Sitting up straight, I asked, “Was he sent to infiltrate the beginnings of the TLO?” It was perfect – I could how Shifters of Anubis would have used Kyros. He was already connected to the Frost family and estranged from his own. With his charm, he could have easily persuaded Lilith Frost to let him help her. And brought in Maria as insurance they were both in.

"Yes," Kali said. "For a long time, he and his wife played the expert double-agent. But once Maria got pregnant, he began to get worried. You must understand – we always kept in contact – but after that, we heard from him less and less. From what I know, the TLO realized that they were double-agents and…” Her throat worked and she bowed her head. “My poor baby brother.”

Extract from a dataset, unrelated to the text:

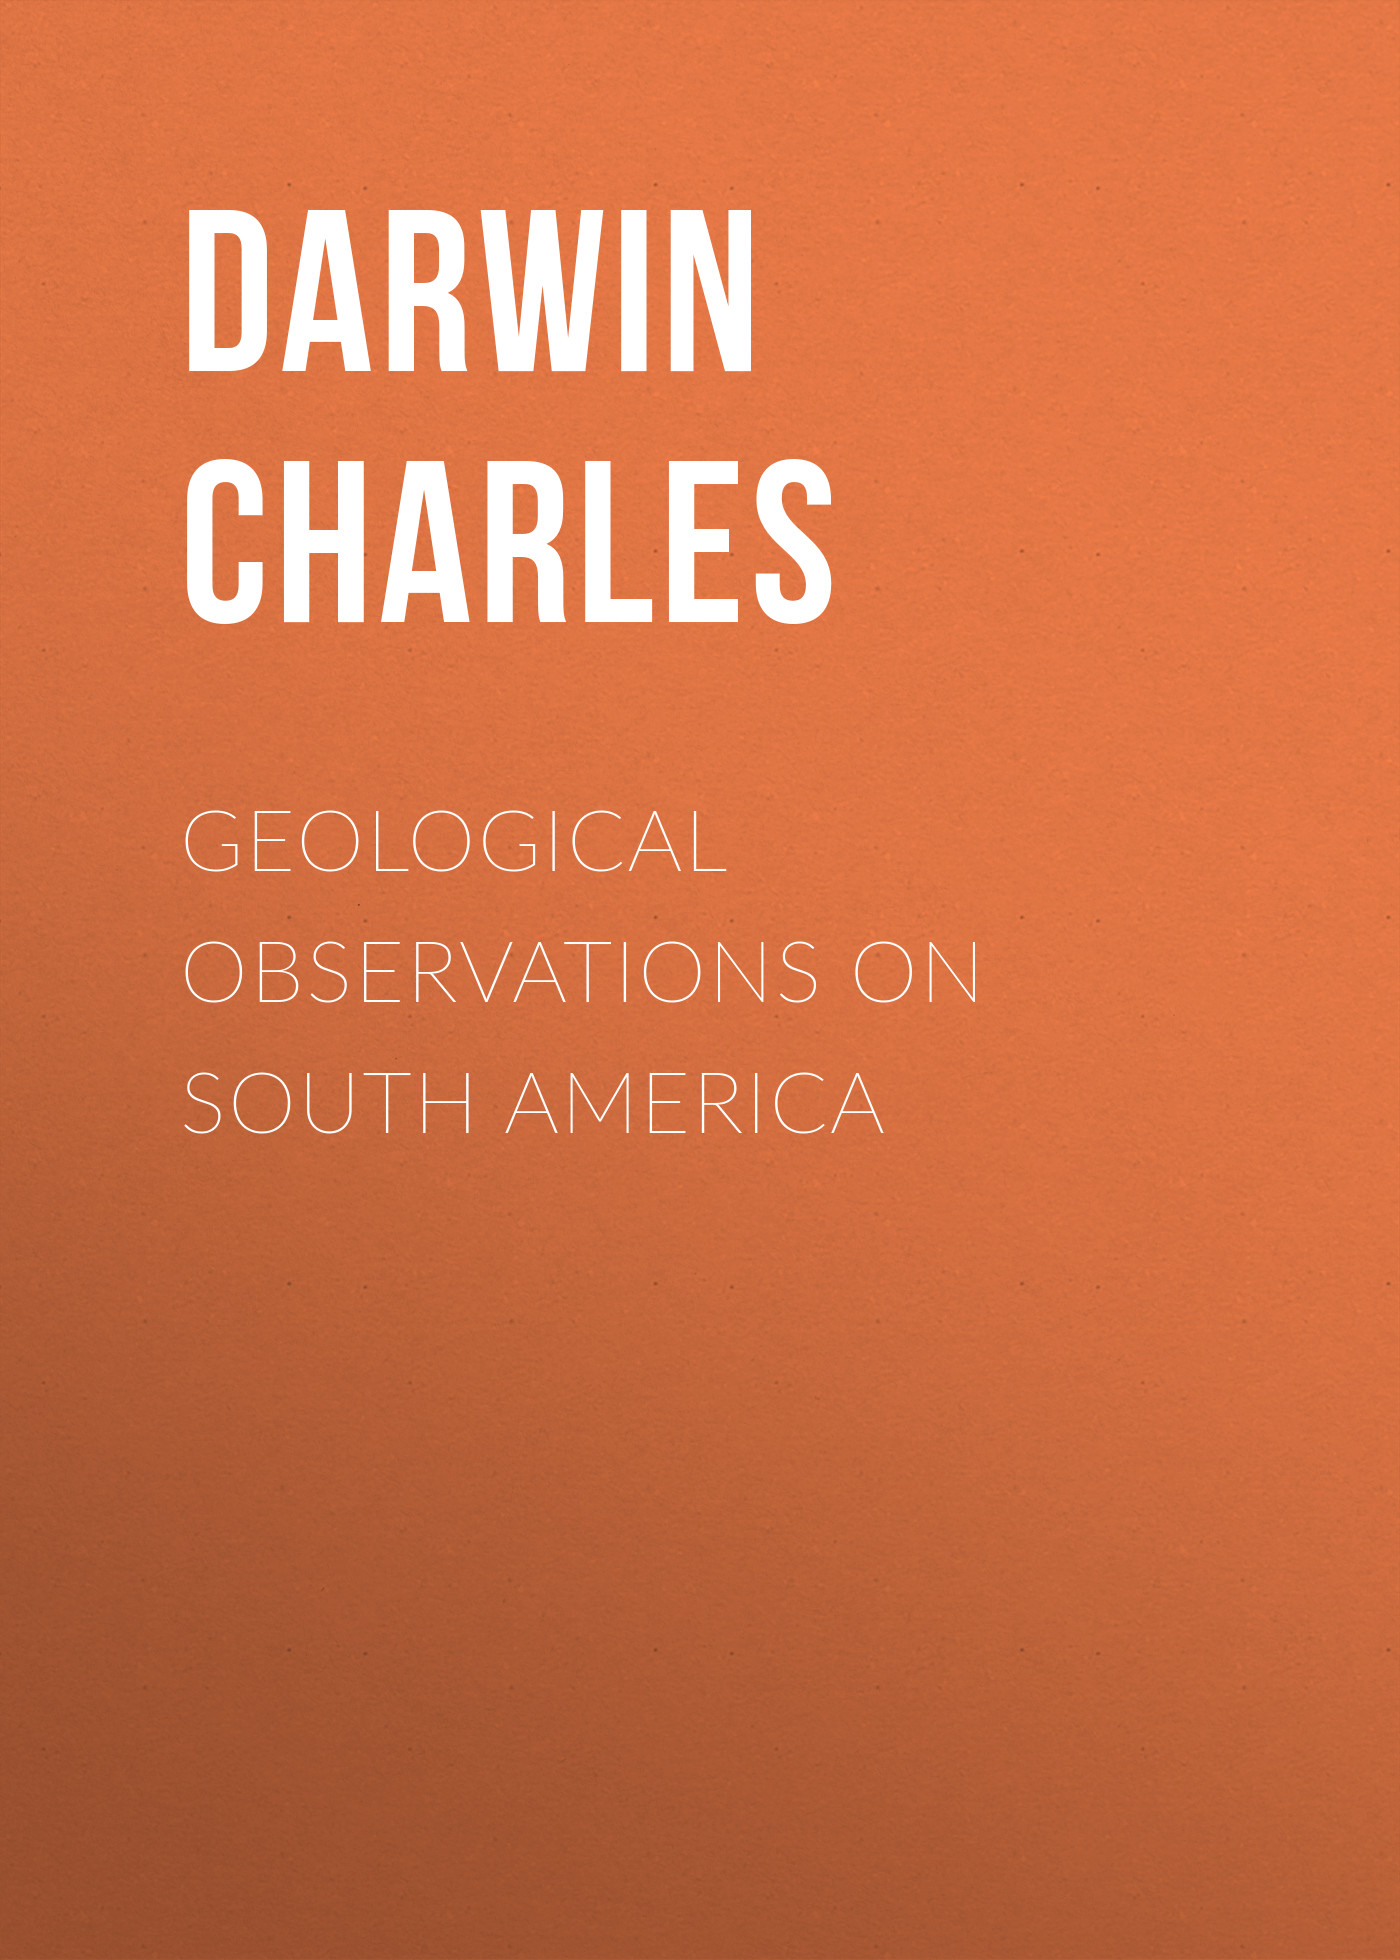 Книга Geological Observations on South America из серии , созданная Charles Darwin, может относится к жанру Зарубежная старинная литература, Зарубежная классика. Стоимость электронной книги Geological Observations on South America с идентификатором 25091780 составляет 0 руб.

Heart squeezing, I clenched my hands. “What can I do? What do you want me to do?” I paused. “And why are you telling me this and not Balt?”

“If Balt knew, I’m afraid he might do something reckless,” Kali said. “The Frost family killed his uncle, aunt, and little cousin. Your father wrote me of his pain and how he overcame it. But I see my brother in him and Nilos was single-minded in protecting the family, as Kyros was.”

“It is a lot, girl, what we are going to ask you,” Ritsa said suddenly. “But we know how much you care for Balt. How we are alike when it comes to our family and those we love.”

“We lionesses have our contacts around the world. Spies and friends alike,” Athena said. “From America to England and even France. We know things about the TLO because of old connections and old money. Things Shifters of Anubis may not.”

Silence fell for a moment, then Kali spoke, her voice shaking somewhat. “The last words Kyros ever sent me was that he’d found a way to break the curse.”

I gasped, my heart leaping one moment, then falling the next.

I knew what the Decem would ask of me.

Frost’s voice was an icy whisper at my neck.

Don’t be late – you’re already running out time. And you’d do anything for Balt, wouldn’t you?